Find the line with "Our latest offers at The Sandpiper" in the records below. Output exactly from there until after the line with "Canon G3 manual", without pictures.

▸ Records supplied
*****
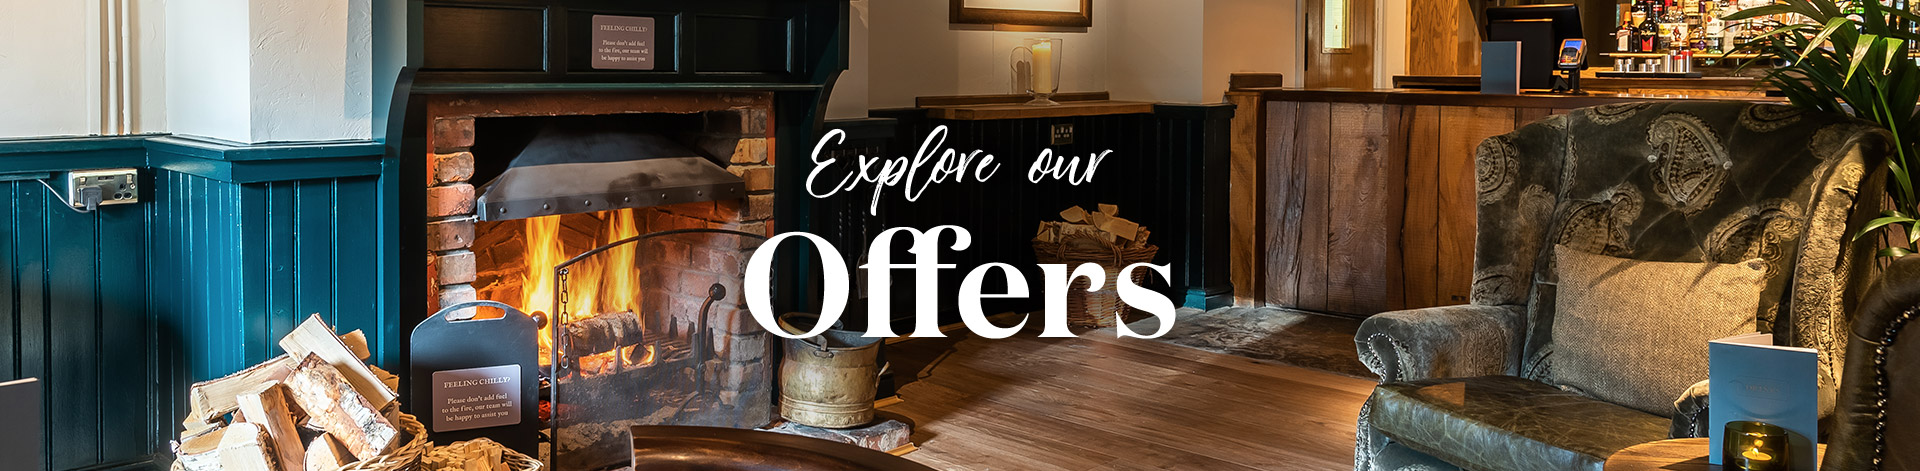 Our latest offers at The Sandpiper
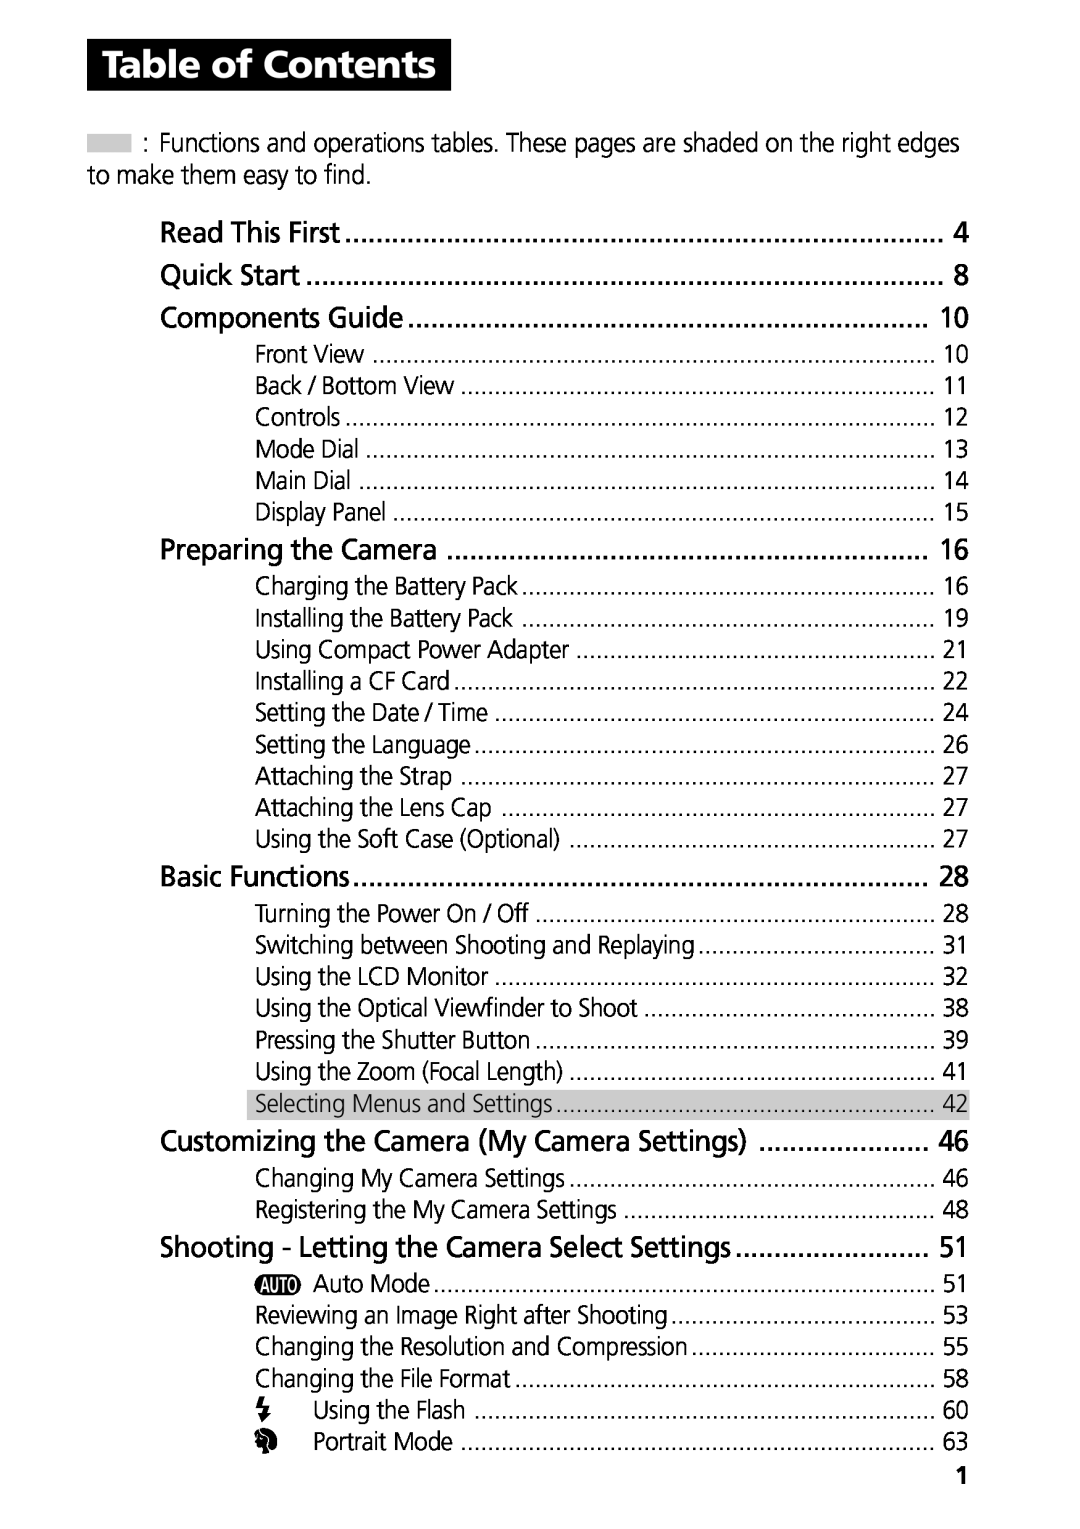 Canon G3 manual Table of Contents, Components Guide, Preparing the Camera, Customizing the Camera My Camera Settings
*****
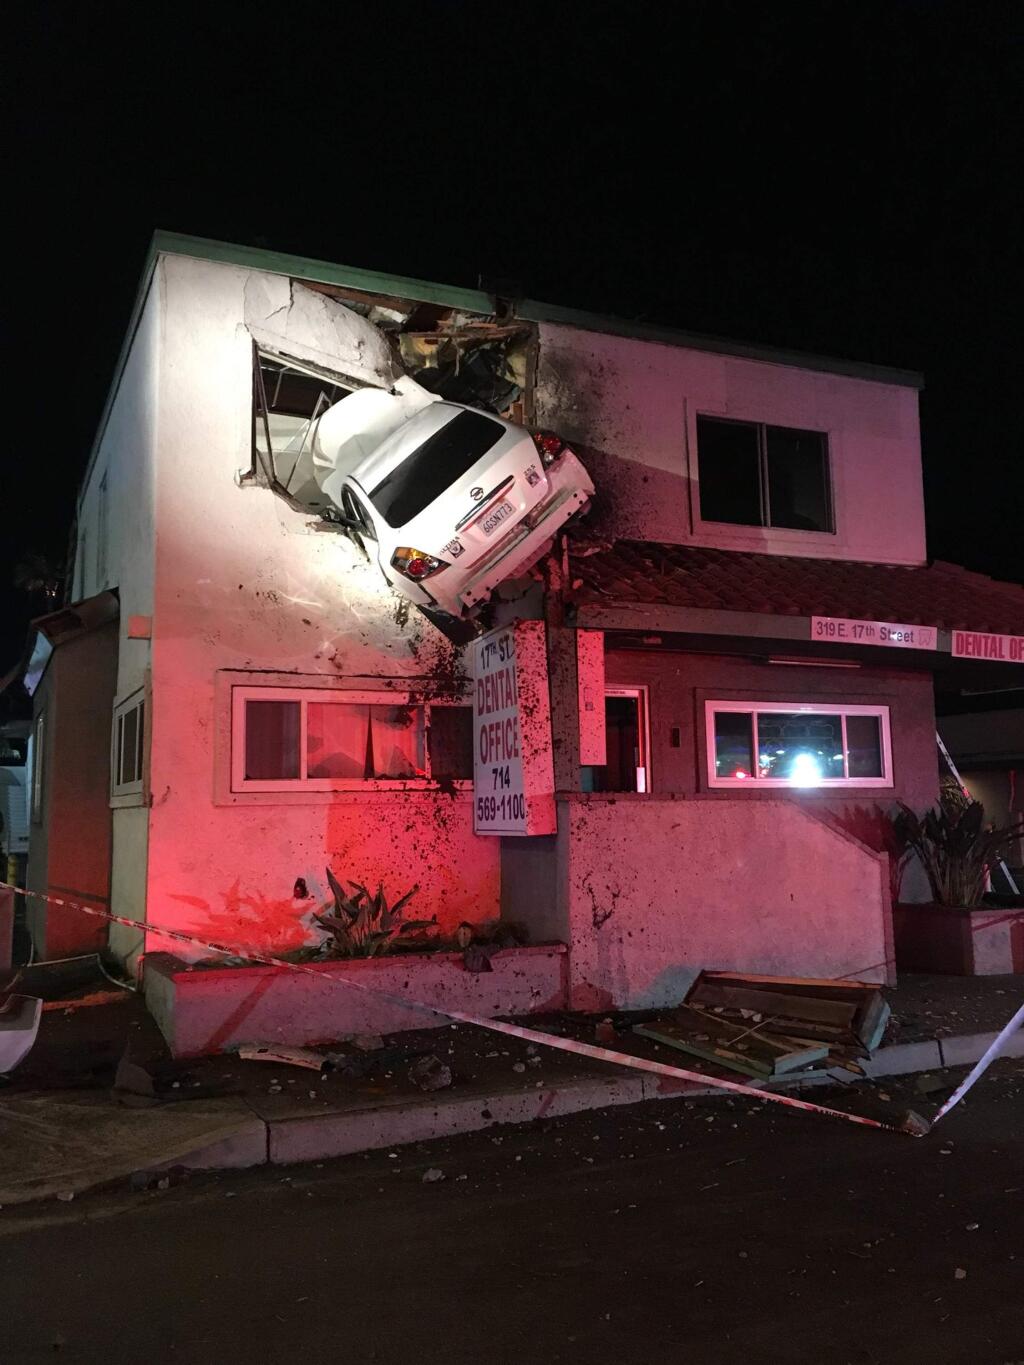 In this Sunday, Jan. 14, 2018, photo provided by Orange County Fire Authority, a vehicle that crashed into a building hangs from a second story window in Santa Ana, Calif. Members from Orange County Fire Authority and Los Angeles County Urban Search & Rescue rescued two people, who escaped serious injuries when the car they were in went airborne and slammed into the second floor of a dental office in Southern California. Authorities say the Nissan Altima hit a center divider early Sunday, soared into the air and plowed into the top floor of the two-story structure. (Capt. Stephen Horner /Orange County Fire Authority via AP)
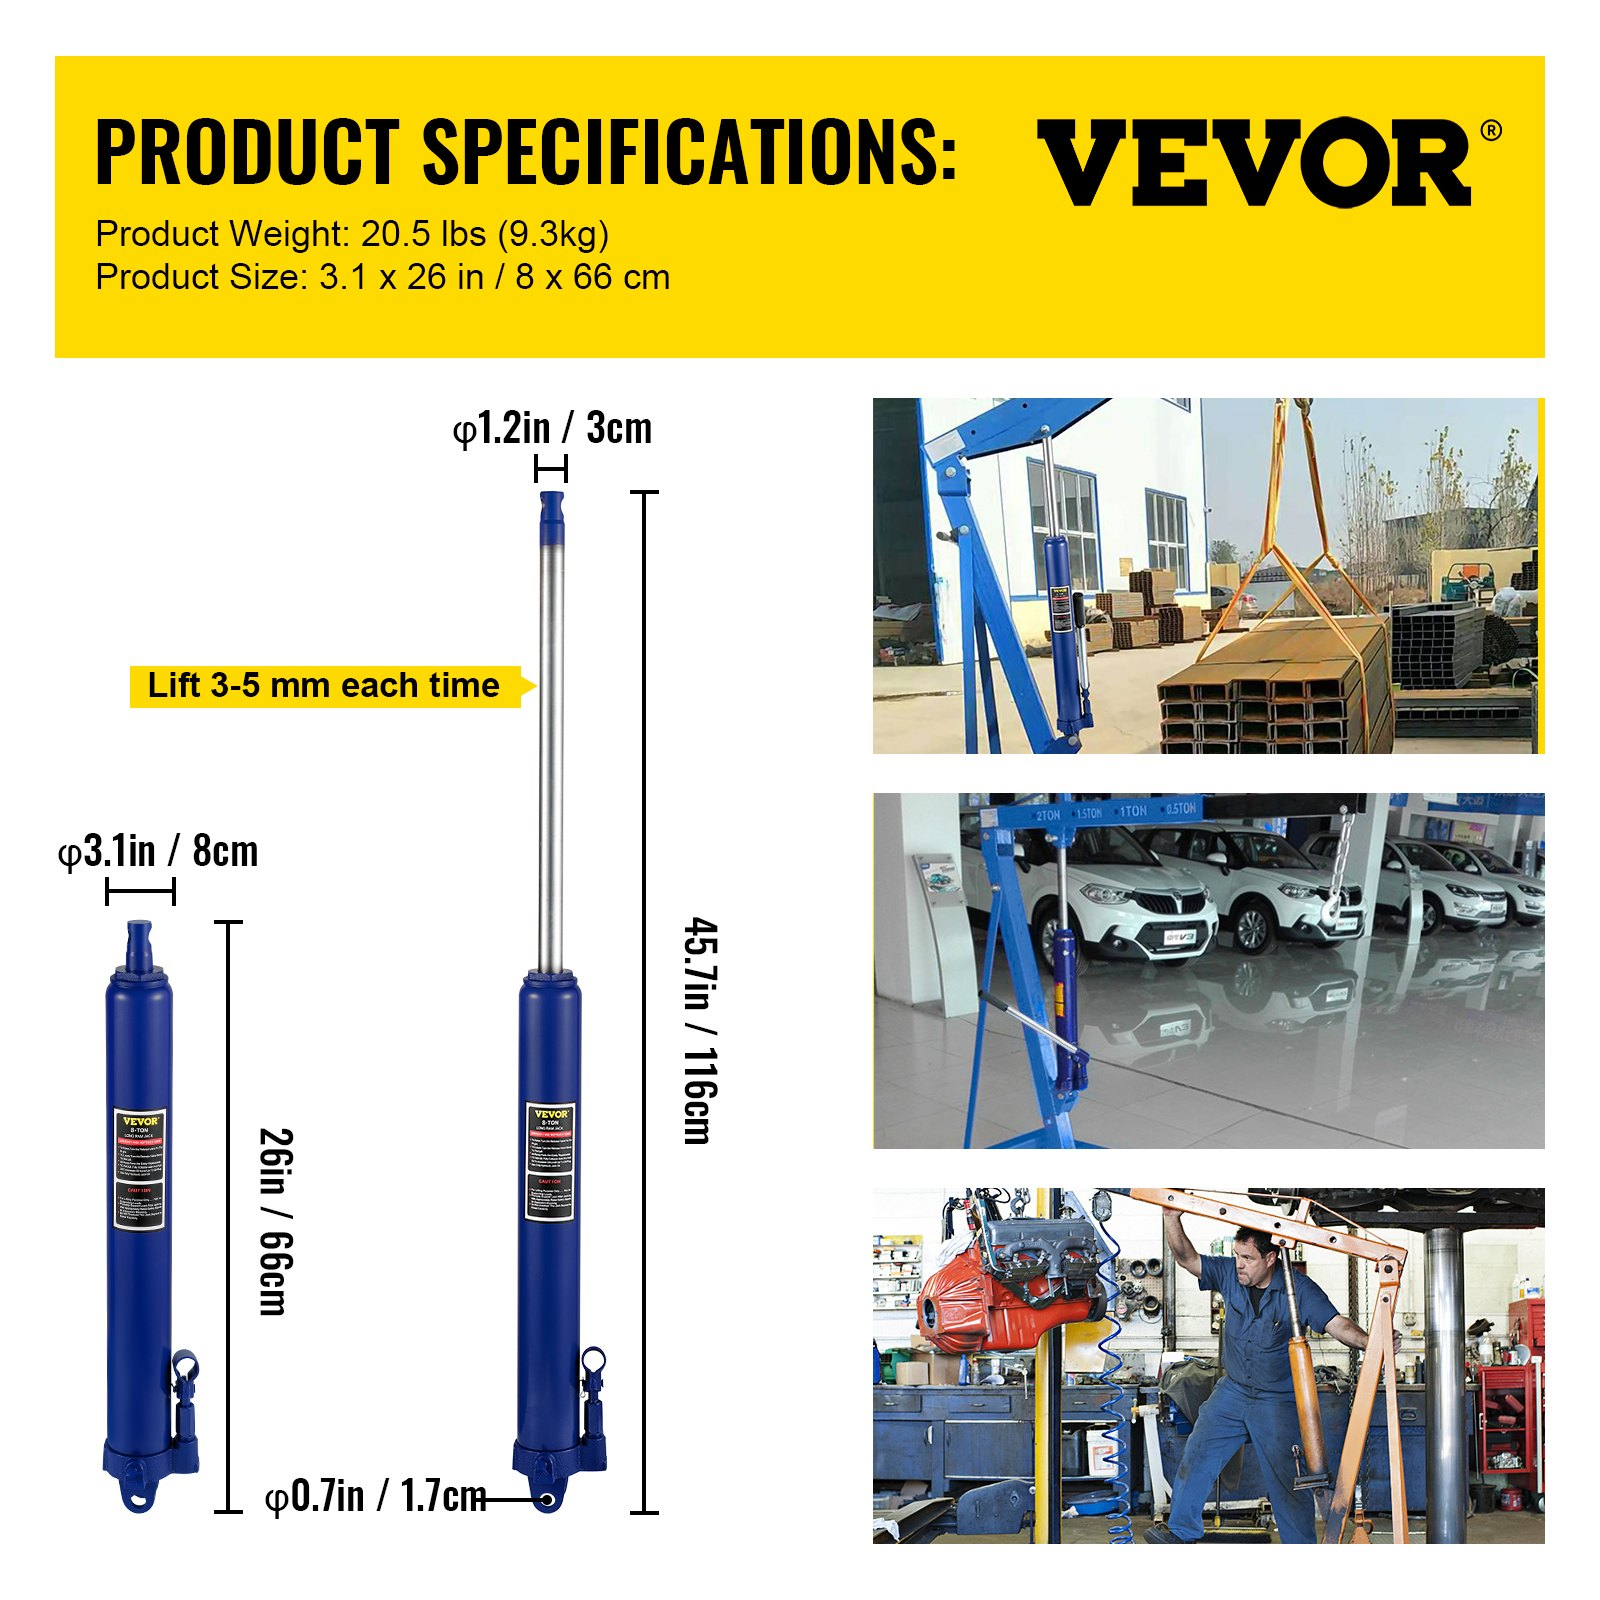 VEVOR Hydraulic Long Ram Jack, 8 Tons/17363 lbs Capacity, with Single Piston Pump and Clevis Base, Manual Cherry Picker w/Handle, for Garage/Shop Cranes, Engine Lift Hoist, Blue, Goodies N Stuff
*****
▸ Problem solution
 Our latest offers at The Sandpiper
 Canon G3 manual Table of Contents, Components Guide, Preparing the Camera, Customizing the Camera My Camera Settings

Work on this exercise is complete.